All of which begs the question: if nothing has changed, why bother remaking Psycho at all? That was the question that executives at Universal Studios asked Van Sant when he first came up with the idea in 1989. To some extent, they are still asking it. The only reason that they allowed the film to be made was as a reward for Van Sant's work on last year's runaway box- office hit, Good Will Hunting. The price tag, $25m, seemed like a bargain even for a project they did not really understand. So what is the reason for making it? Van Sant has been infuriatingly enigmatic on this point. "Part of the answer to why is that we don't know the answer why," he said in a recent interview with the New York Times. "It's sort of like people asking, why did Columbus sail west?"
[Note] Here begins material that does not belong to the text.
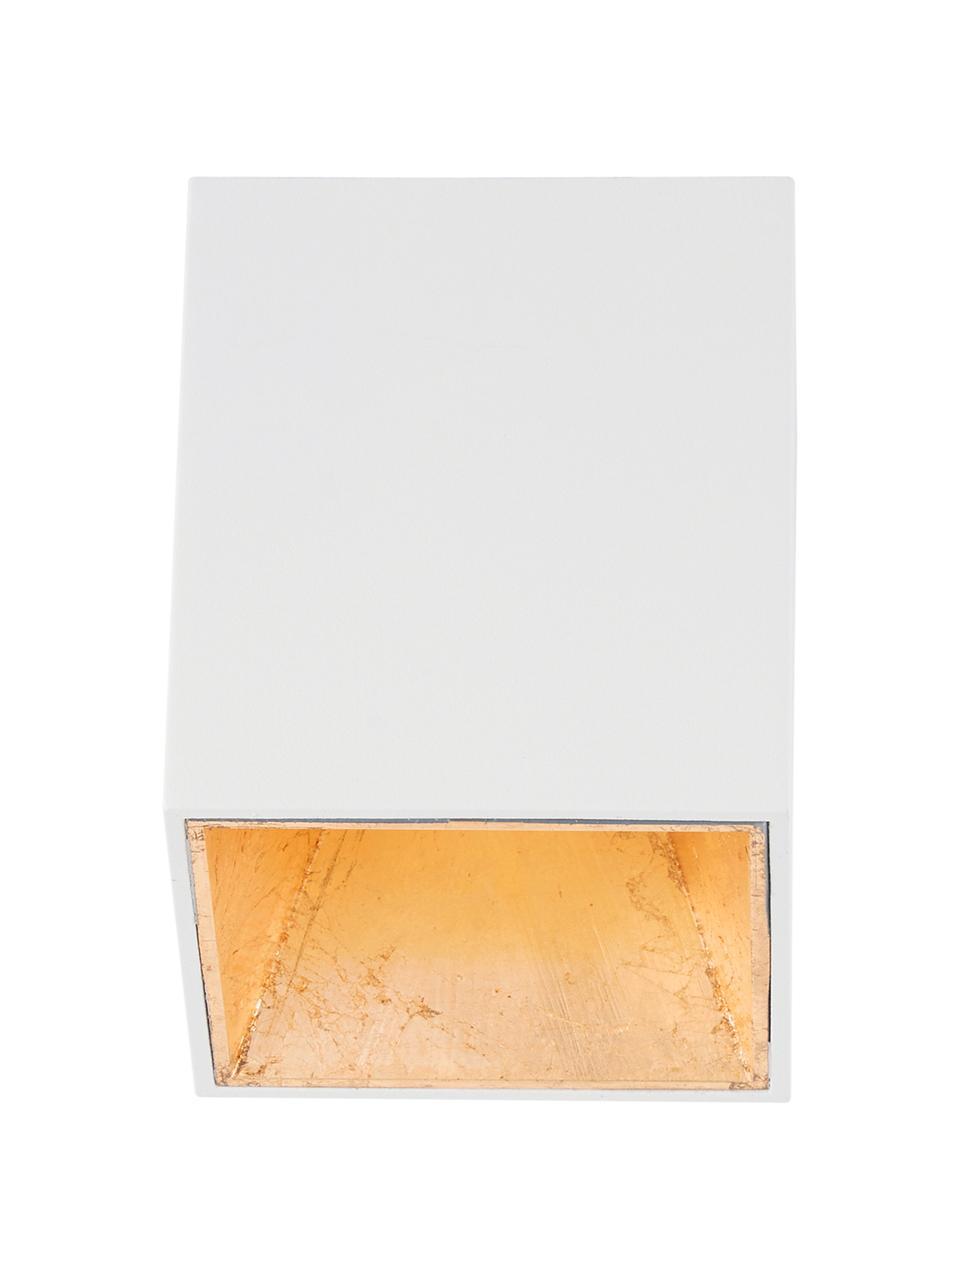 LED-Deckenspot Marty, Weiß, Goldfarben, 10 x 12 cm

Such sentiments clearly aren't going to sell many tickets, so Universal has packaged the film as an opportunity for today's teen horror crowd to become acquainted with a classic shocker from an earlier generation. It hasn't been a very effective marketing strategy, since women slashed to death in showers are two-a-penny these days. Besides, Brian DePalma already provided the same service with his far more lurid Psycho-inspired thriller, Dressed To Kill, in 1978.

The Van Sant Psycho feels more like an art school joke, a piece of conceptual film-making in which the finished product is less important than the idea behind it. Watching it is like a parlour game, trying to spot the ways in which it differs from (and invariably falls short of) the original, and relishing the visual surprises afforded by colour, such as Marion Crane's bright orange brassiere.

Certainly, the plot offers no surprises. The actors have an impossible task, playing out a story that belongs to the early Sixties while pretending that they are really in 1998. Anne Heche and Vince Vaughn cannot begin to compete with the standards set by Janet Leigh and Anthony Perkins, though one can hardly blame them for looking rather out of place. Perhaps the best way to appreciate Van Sant's purpose is to imagine a cultural convention many centuries from now, in which a venerable archaeologist claims to have found a copy of Hitchcock's great lost masterpiece. "The print is badly faded and the credits are illegible," he says, "but the storyline and the editing techniques give every reason to believe that it is the genuine Psycho."

"Nonsense," cries a dissenting film historian. "Forensic evidence suggests this is not Hitchcock's black-and-white, but faded colour, and the heroine looks nothing like the portraits available to us of Janet Leigh. It is a fake!" At which point, no doubt, Van Sant would chuckle from beyond the grave. Whether he has produced something of interest to present- day audiences, though, is another matter.